No one will tell you anything good came out of the dual impacts of Hurricanes Katrina and Rita, but there are certainly lessons to be learned. One lesson we can't afford to miss relates to a 1920 law that may be holding the U.S. back from developing a 21st Century logistics system.

When fuel supplies were disrupted in the aftermath of Katrina and further threatened by Rita, President Bush suspended the Jones Act temporarily for critical petroleum and gas shipments. A group led by the American Farm Bureau Federation then asked the President to suspend it until the end of the year for agricultural products.

The Jones Act dates to 1920 and contains a number of worker compensation rights for sailors. It also requires that ships engaged in cabotage (intercoastal, short sea and other transportation between U.S. ports) be U.S.flagged vessels, built in the U.S. and manned by crews consisting of at least 75% U.S. citizens.

If those safety rules are not already part of regulations that the Occupational Safety and Health Administration (OSHA) oversees, they should be shifted to OSHA to allow a pure discussion of the transportation elements of the Jones Act.

The question raised by current events is: Are efforts to protect a segment of our maritime industry based on conditions from 85 years ago artificially limiting critical transportation capacity today? The temporary suspension of the Jones Act suggests they are.

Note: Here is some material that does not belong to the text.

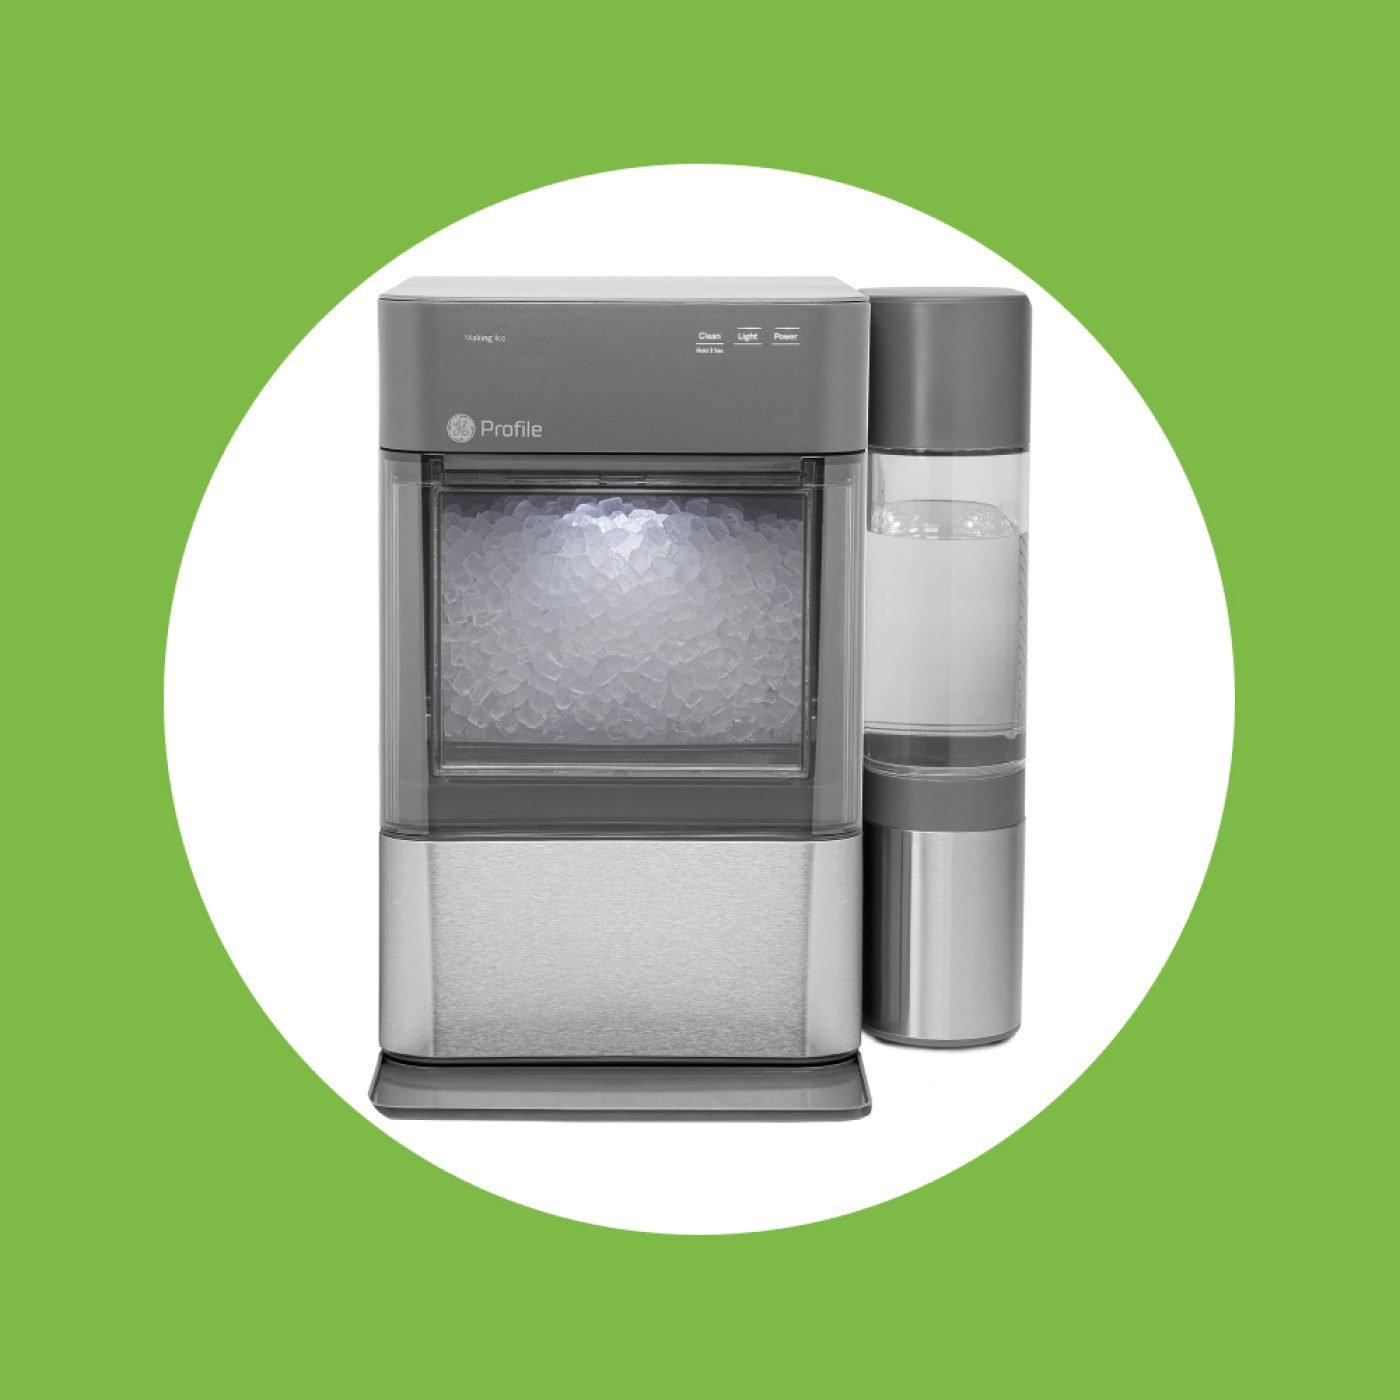 GE announces new countertop appliances - Reviewed

The transportation system has come a long way since 1920. That was the year KLM made its first flight from Amsterdam to London. (Charles Lindberg was still seven years away from his historic trans-Atlantic solo flight.) The law establishing the interstate highway system was still 26 years in the future. And the U.S. Railroad Administration (USRA) had just returned control of the U.S. rail network to its constituent railroads after nationalizing them to support America's entry into World War I.

There's a thin connection between the Jones Act and the railroads at that time. The Act sought to extend some of the same worker safety rights that had been granted to rail workers to the maritime sector. As we observe the 25th anniversary of the Staggers Rail Act that provided economic deregulation of the railroads, does Staggers suggest a path for domestic marine transportation?

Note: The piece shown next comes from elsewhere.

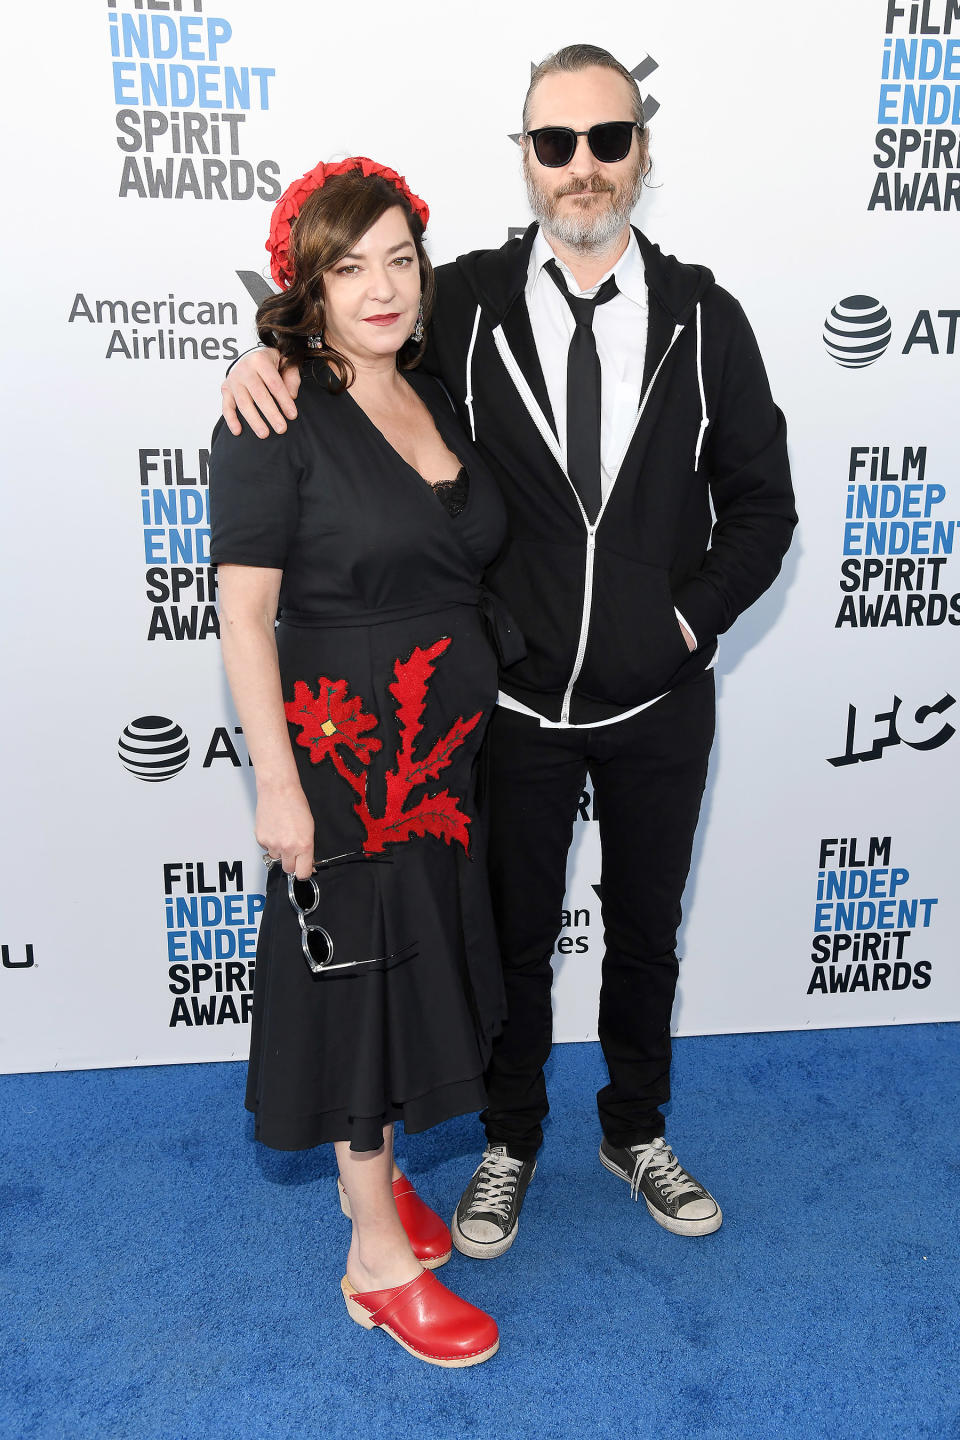 Lynne Ramsay and Joaquin Phoenix

U.S. railroads did not fare well under regulation and when they needed to support U.S. efforts in World War I, they couldn't meet the challenge. At the time, one sixth of U.S. trackage was owned by railroads in receivership. The government nationalized the railroads and poured $1.12 billion into the infrastructure ($15 billion in 2003 dollars). The rail system that was returned to private interests in 1920 was stronger, but it faced heavy regulation by the Interstate Commerce Commission following dissolution of the USRA.

Nationalization was not considered to be very successful, but heavy regulation wasn't much better. By the 1970s, over 20% of trackage was owned by bankrupt railroads. Deregulation in 1980 allowed the railroads to rationalize their networks based on market demand and improve the industry's financial health.

Market freedom includes the freedom to fail. But, if there is a sufficient demand for a service, a free market allows commercial interests to respond to the need in a timely manner.

U.S. transportation deregulation has had its ups and downs, but it has been a commercial boon to today's supply chain management strategies. We should take this time to reflect on future needs and ensure our transportation systems have the ability to respond. That could mean pulling the plug on an 85-year-old law and allowing the domestic maritime industry to chart its own course.